Сноп состоял из 20 тысяч больших ракет.
Иосиф II призывал фейерверкера и расспрашивал его о количестве ракет.
— На случай, — говорил он, — чтобы знать, что именно заказать, ежели придется сжечь хороший фейерверк.
Иллюминация тоже была великолепная.
Все горы были увешаны вензелями императрицы, составленными из 55 тысяч плошек.
Сады также были роскошно иллюминированы.
Каффа, или Феодосия, была единственное место Тавриды, где сохранились древние памятники.
На монетном дворе была выбита медаль, которую Потемкин поднес императрице.
Все было приготовлено, чтобы выбить еще несколько медалей, но государыня пошла далее, не остановившись и передала медаль Мамонову, который положил ее в карман.

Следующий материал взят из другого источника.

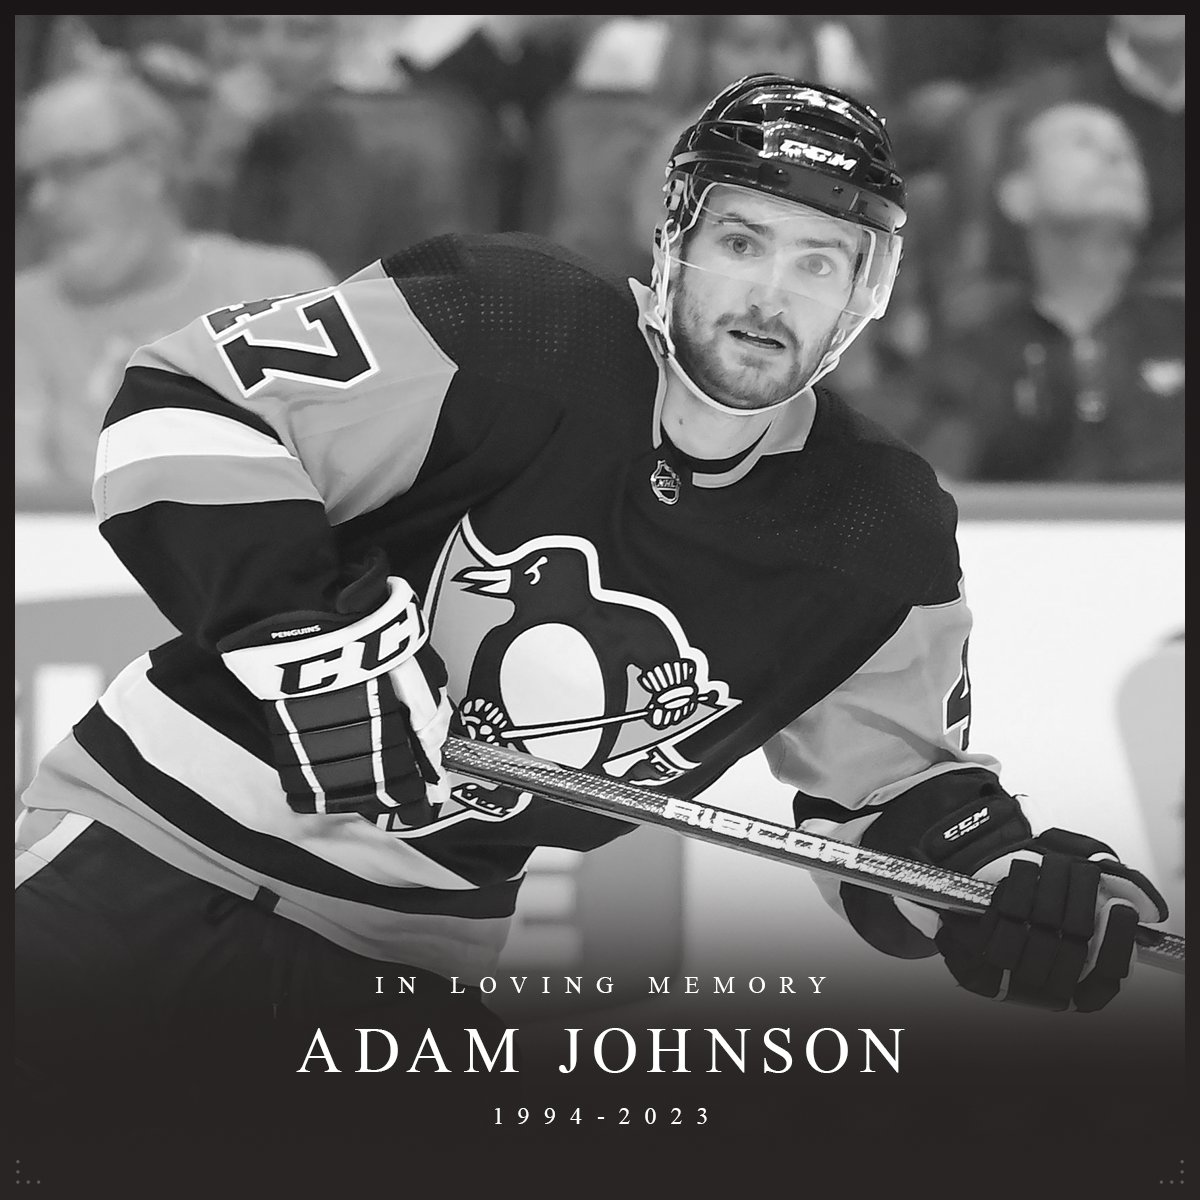 The National Hockey League family mourns the passing of former Pittsburgh Penguin Adam Johnson. Our prayers and deepest condolences go to his family, friends and teammates. media.nhl.com/public/news/17…

С одной стороны была изображена императрица, а с другой — надпись о том, что она соблаговолила посетить монетный двор, в сопровождении графа Фалькенштейна.
Из Феодосии государыня отправилась обратно в Россию.
В Кизикермане она рассталась с Иосифом II.
Он провел час в ее кабинете, и в ту минуту, когда она собиралась сесть в карету, хотел поцеловать ее руку, но она не допустила этого, и они обнялись.
Затем император прошел вперед к ее экипажу и снова хотел поцеловать ей руку, но они дружески расцеловались.
По отъезде государыни подъехал в карете Григорий Александрович.
Император, севший уже в карету, вышел из нее и направился к его экипажу.
Князь, в свою очередь, вышел из кареты.
Император простился с ним, приветствовал его по поводу всего того, что ему удалось показать императрице, поцеловал князя, сел в карету и уехал.
Пребывание Екатерины на юге было, как мы уже имели случай заметить, полнейшим торжеством для князя Потемкина.
Императрица в самых милостивых и признательных словах одобрила все им сделанное, и по его ходатайству осыпала наградами его сотрудников.
Сам Потемкин получил похвальную грамоту, в которой подробно были прописаны знаменитые услуги, оказанные им отечеству.
Григорий Александрович провожал императрицу до Полтавы и тут же представил ей величественное зрелище, достойное великой государыни.
В окрестностях Полтавы, на полях, прославленных победой Петра I, внезапно появились две армии и вступили в сражение в том же боевом порядке, в каком Петр Великий победил Карла XII.
Офицер, представлявший шведского короля, был в точно таком же костюме, в котором был Карл XII на этом знаменитом сражении.
Потемкин в Полтаве простился с императрицей.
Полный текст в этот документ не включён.